For python -m pydoc file.seek to succeed, the file must be found in a search path. As the message says, Use help() to get the interactive help utility.

>>> help()

Welcome to Python 3.12's help utility!

If this is your first time using Python, you should definitely check out
the tutorial on the internet at https://docs.python.org/3.12/tutorial/.

Enter the name of any module, keyword, or topic to get help on writing
Python programs and using Python modules.  To quit this help utility and
return to the interpreter, just type "quit".

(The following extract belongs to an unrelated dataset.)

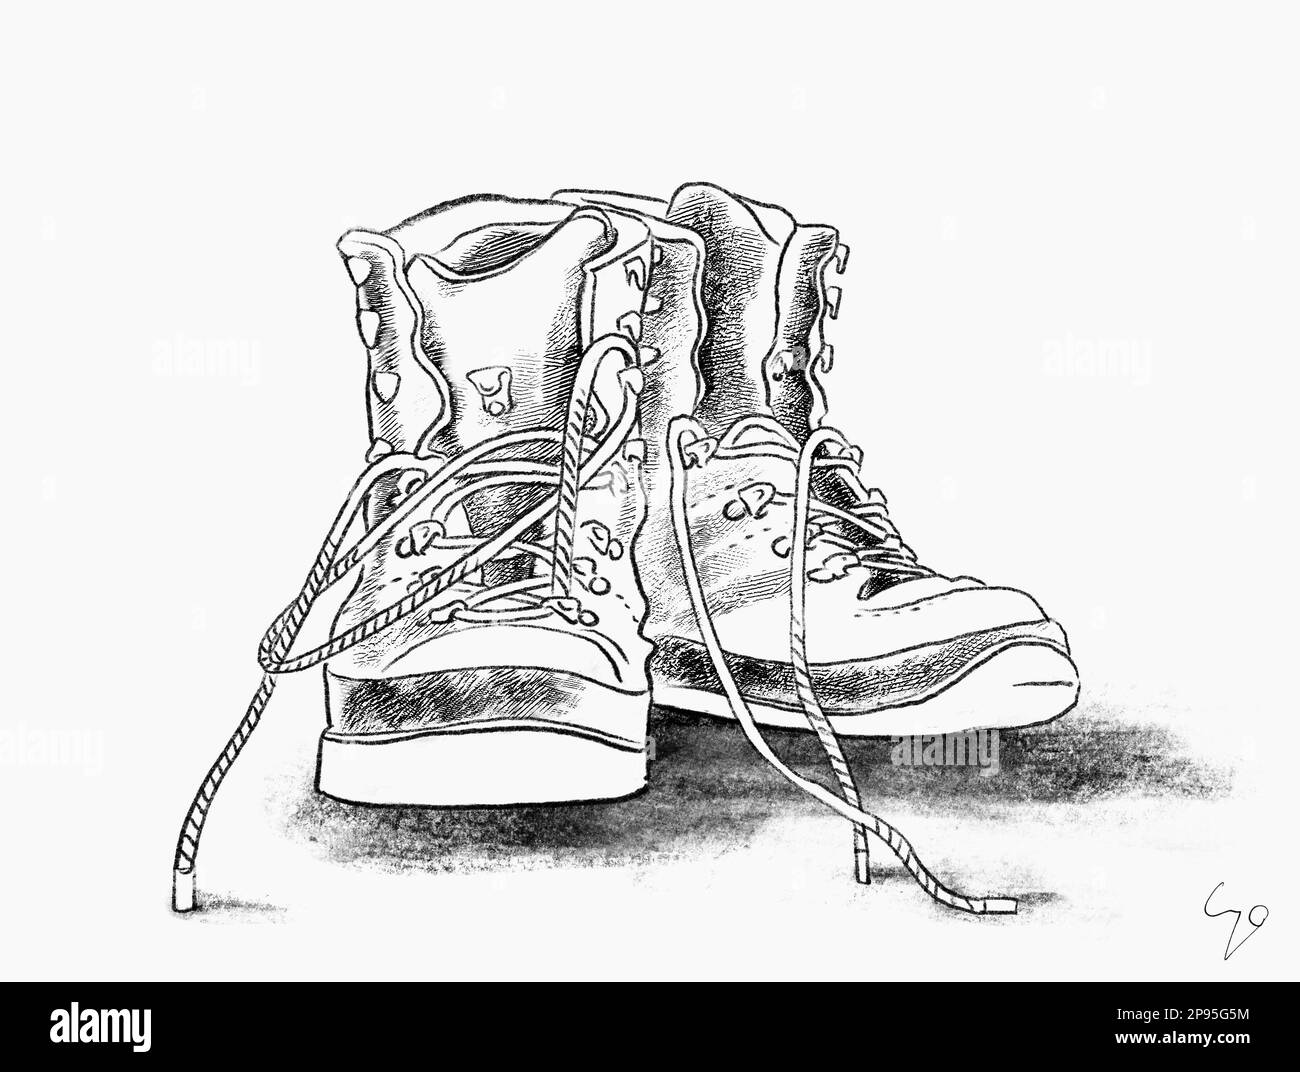 Worn hiking boots as drawing. Illustration Stock Photo
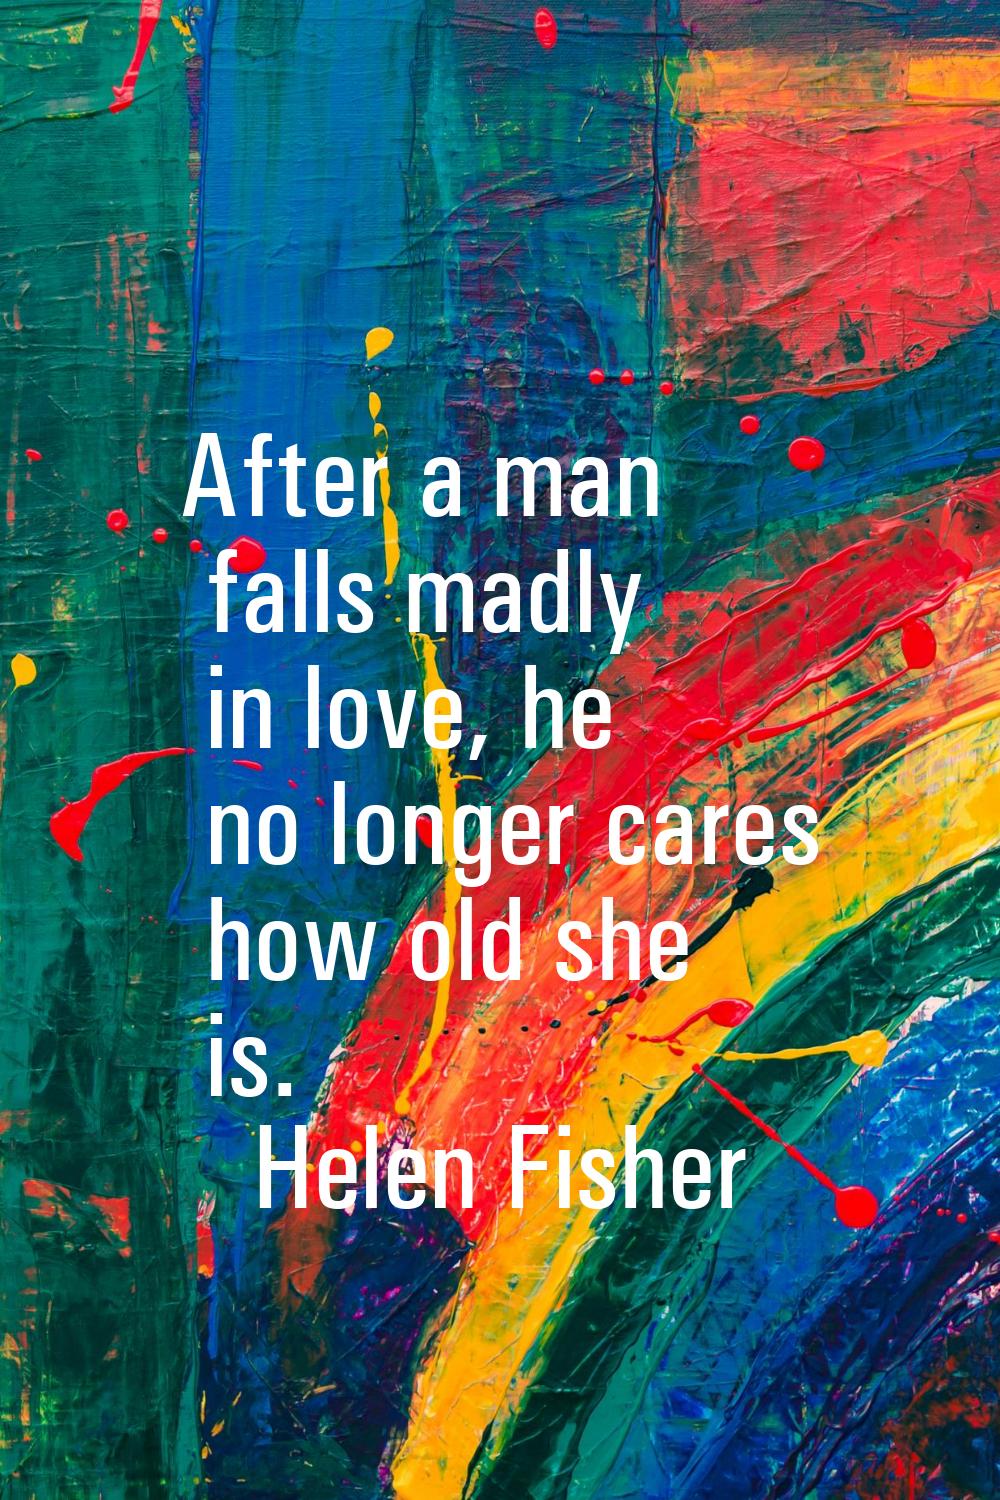 After a man falls madly in love, he no longer cares how old she is.

To get a list of available modules, keywords, symbols, or topics, type
"modules", "keywords", "symbols", or "topics".  Each module also comes
with a one-line summary of what it does; to list the modules whose name
or summary contain a given string such as "spam", type "modules spam".

help> file
No Python documentation found for 'file'.
Use help() to get the interactive help utility.
Use help(str) for help on the str class.

help>

In this case the file cannot be found. That is the issue. Let's try the command on a file that can be found and contains a function that exists.

help> os.lseek
Help on built-in function lseek in os:

os.lseek = lseek(fd, position, whence, /)
    Set the position of a file descriptor.  Return the new position.

      fd
        An open file descriptor, as returned by os.open().
      position
        Position, interpreted relative to 'whence'.
      whence
        The relative position to seek from. Valid values are:
        - SEEK_SET: seek from the start of the file.
        - SEEK_CUR: seek from the current file position.
        - SEEK_END: seek from the end of the file.

    The return value is the number of bytes relative to the beginning of the file.

help> q

So, for python -m pydoc os.lseek the module and function that we are looking for help on must exist.

C:\Users\ctynd>python -m pydoc os.lseek
Help on built-in function lseek in os:

os.lseek = lseek(fd, position, whence, /)
    Set the position of a file descriptor.  Return the new position.

      fd
        An open file descriptor, as returned by os.open().
      position
        Position, interpreted relative to 'whence'.
      whence
        The relative position to seek from. Valid values are:
        - SEEK_SET: seek from the start of the file.
        - SEEK_CUR: seek from the current file position.
        - SEEK_END: seek from the end of the file.

    The return value is the number of bytes relative to the beginning of the file.